AUSTIN, TX—The latest report of monthly abortions released by the Texas Health and Human Services Commission shows that Texas’ abortion laws continue to save unborn babies’ lives from abortion while also saving pregnant women’s lives.
The July 1 report for reported abortions shows a consistent trend. For the first 20 months after the Supreme Court overruled Roe v. Wade in Dobbs v. Jackson, from July 2022 to February 2024, reported elective abortions plummeted from thousands each month to zero.
At the same time, doctors reported performing 97 medically necessary abortions, all in hospitals.
“Texas’ laws are saving unborn babies from abortion and protecting women’s lives in rare and tragic cases when pregnancy endangers their lives or health,” said Amy O’Donnell, Texas Alliance for Life’s Communications Director. “The latest reports show claims by critics and naysayers to the contrary are completely baseless.”

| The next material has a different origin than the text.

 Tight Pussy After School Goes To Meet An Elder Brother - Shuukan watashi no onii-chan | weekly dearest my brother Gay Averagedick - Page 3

The monthly average of reported abortions for medical necessity, defined as abortions to protect the life or health of the woman, after Dobbs is 4.8. That number is comparable to the monthly average before Dobbs, from January 2022 to May 2022, which is 2.6.
No doctor has been prosecuted by a district attorney, sanctioned by the Texas Medical Board or sued by the Attorney General. No pregnant woman has lost her life because of the provisions of Texas’ abortion laws, even with more than 360,000 live births in Texas each year.

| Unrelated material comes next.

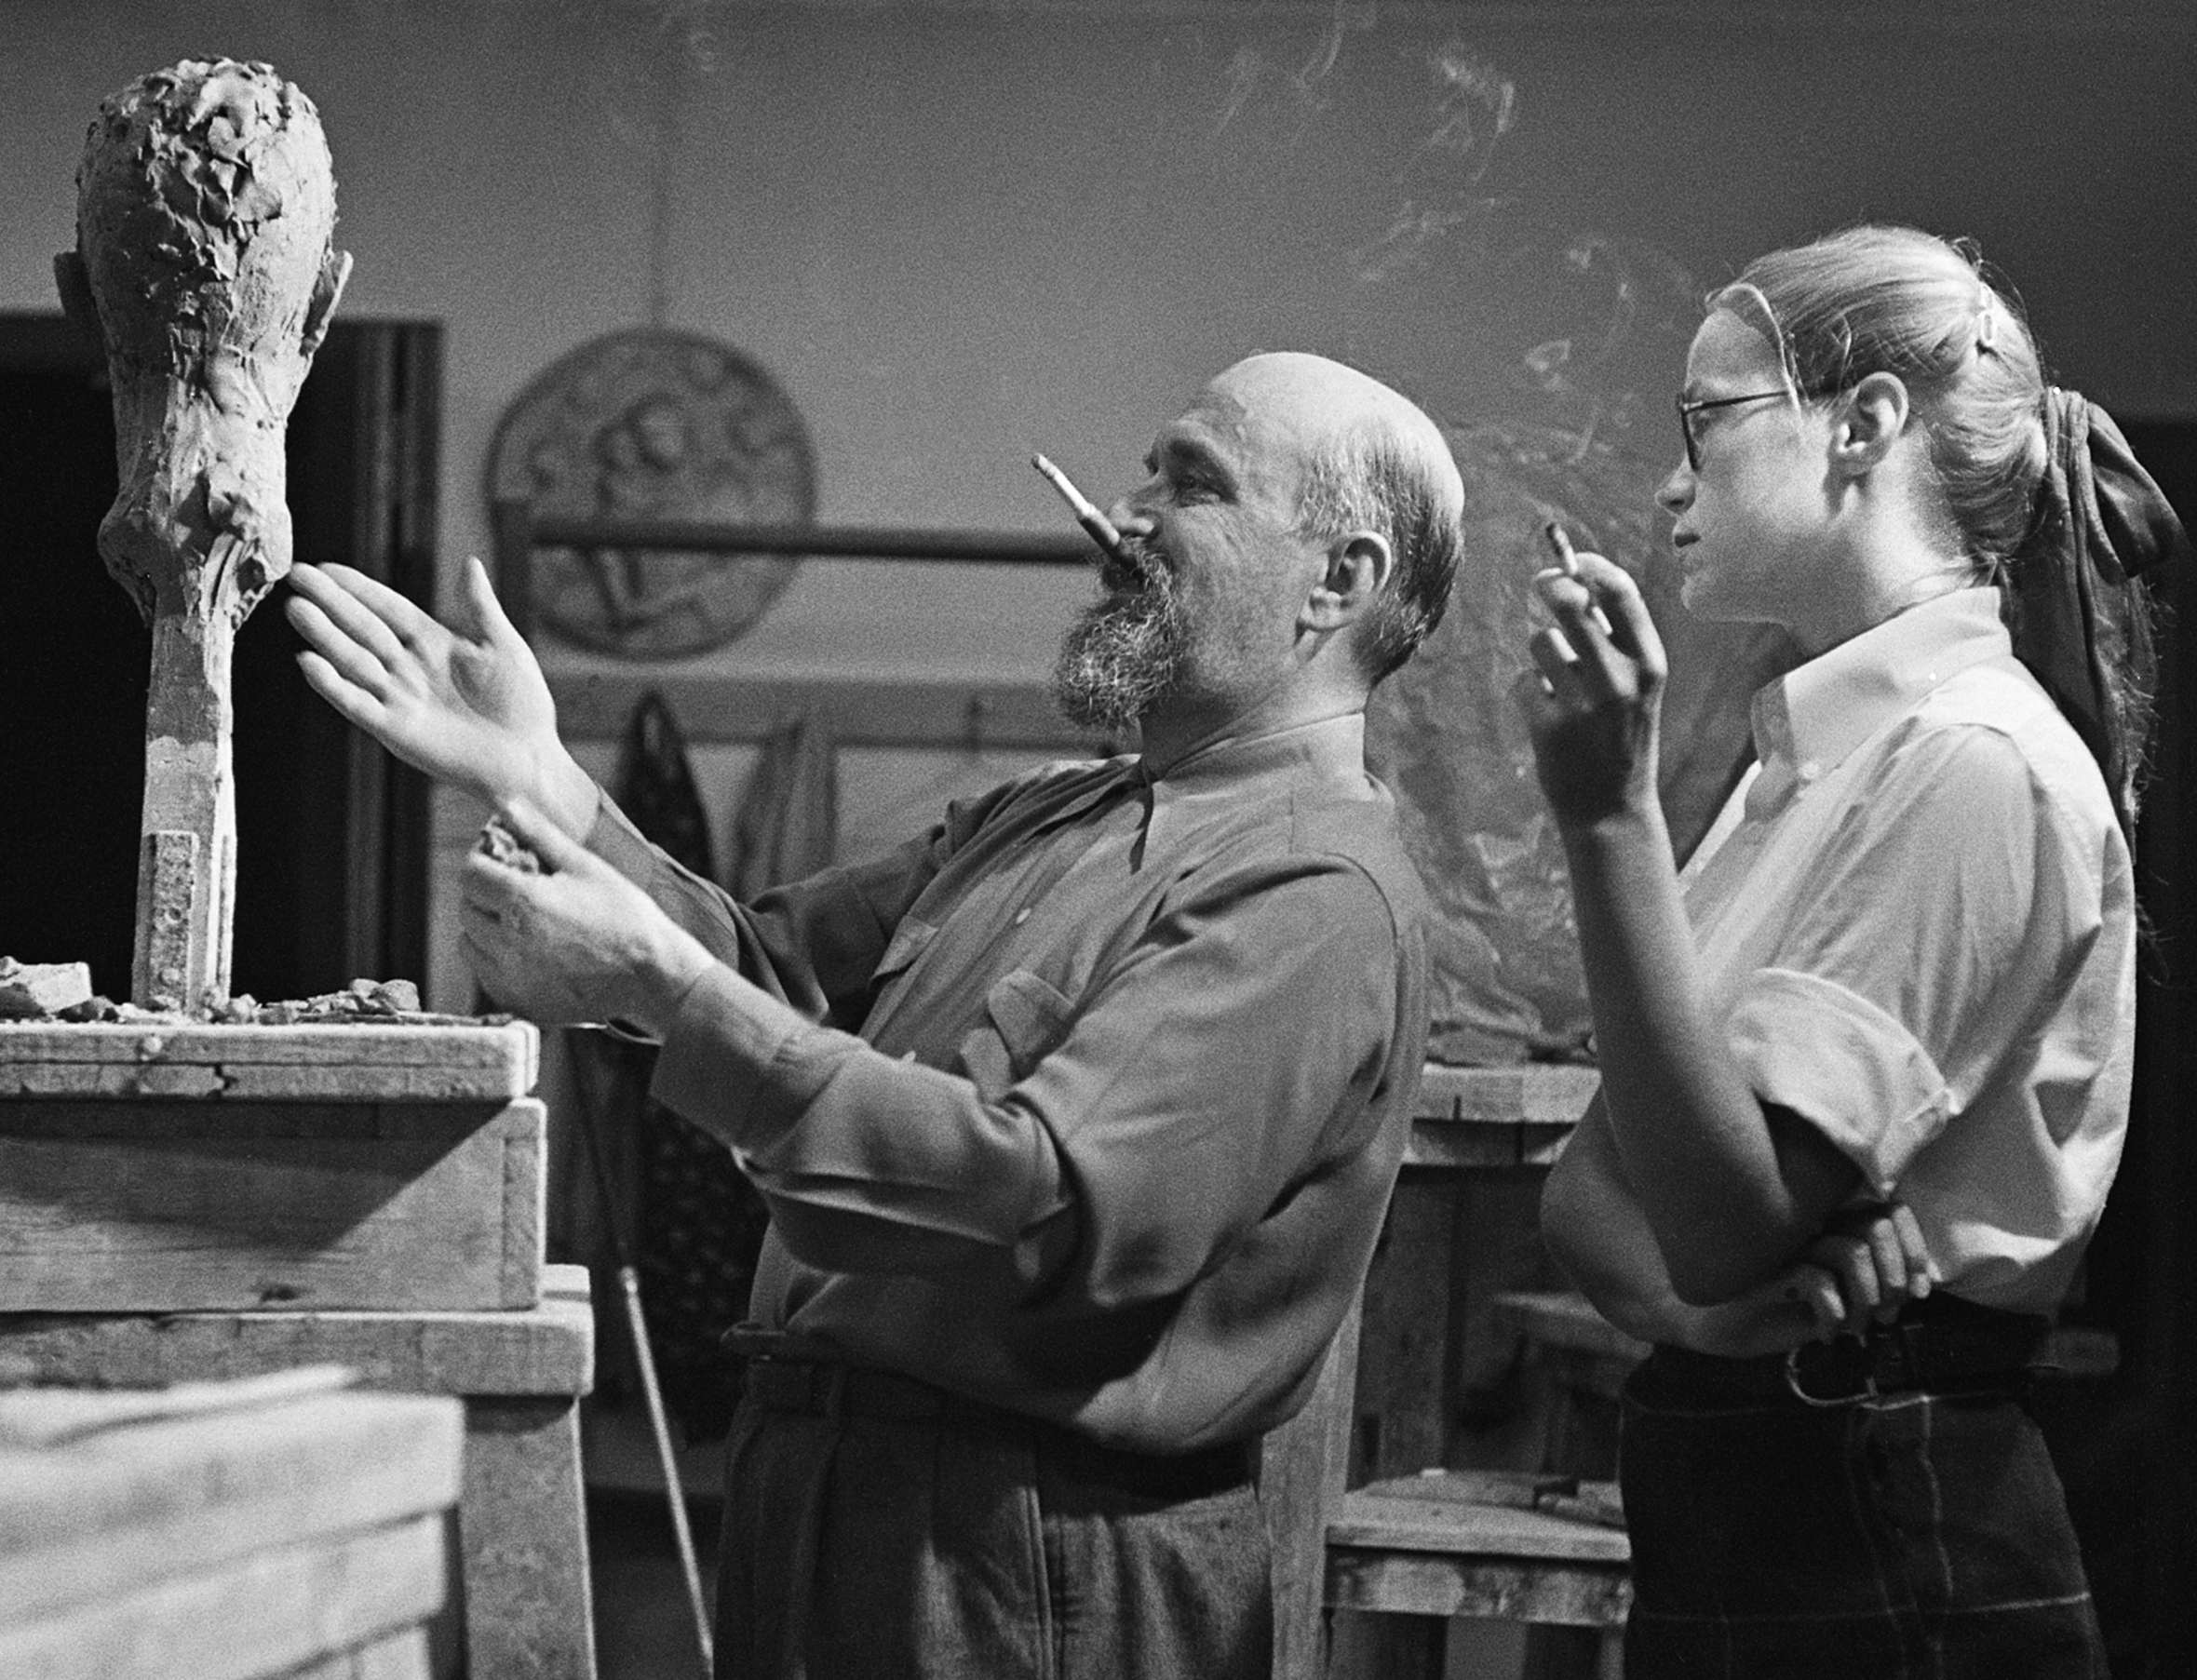 An older man and younger woman stand in an art studio or classroom discussing a clay bust on a pedestal. Both people are smoking. The man has a cigarette in his mouth as he gestures to the bust with both hands.

The Texas Supreme Court, in Texas v. Zurawski, recently determined that the Texas Human Life Protection Act, which protects unborn babies from abortion with an exception for abortions when “a woman has a life-threatening physical condition that places her at risk of death or serious physical impairment unless an abortion is performed,” is both constitutional and clear.
Physicians may use “reasonable medical judgment” to determine whether a pregnancy requires a medically necessary abortion. The Court emphasized that the law does not require a physician to wait until a woman’s life is in imminent danger before performing a life-saving abortion.
Shortly afterward, the Texas Medical Board, which regulates physicians, issued rules explaining the law, including the provision that the medical necessity exception does not require the woman’s death to be imminent before a doctor can perform an abortion.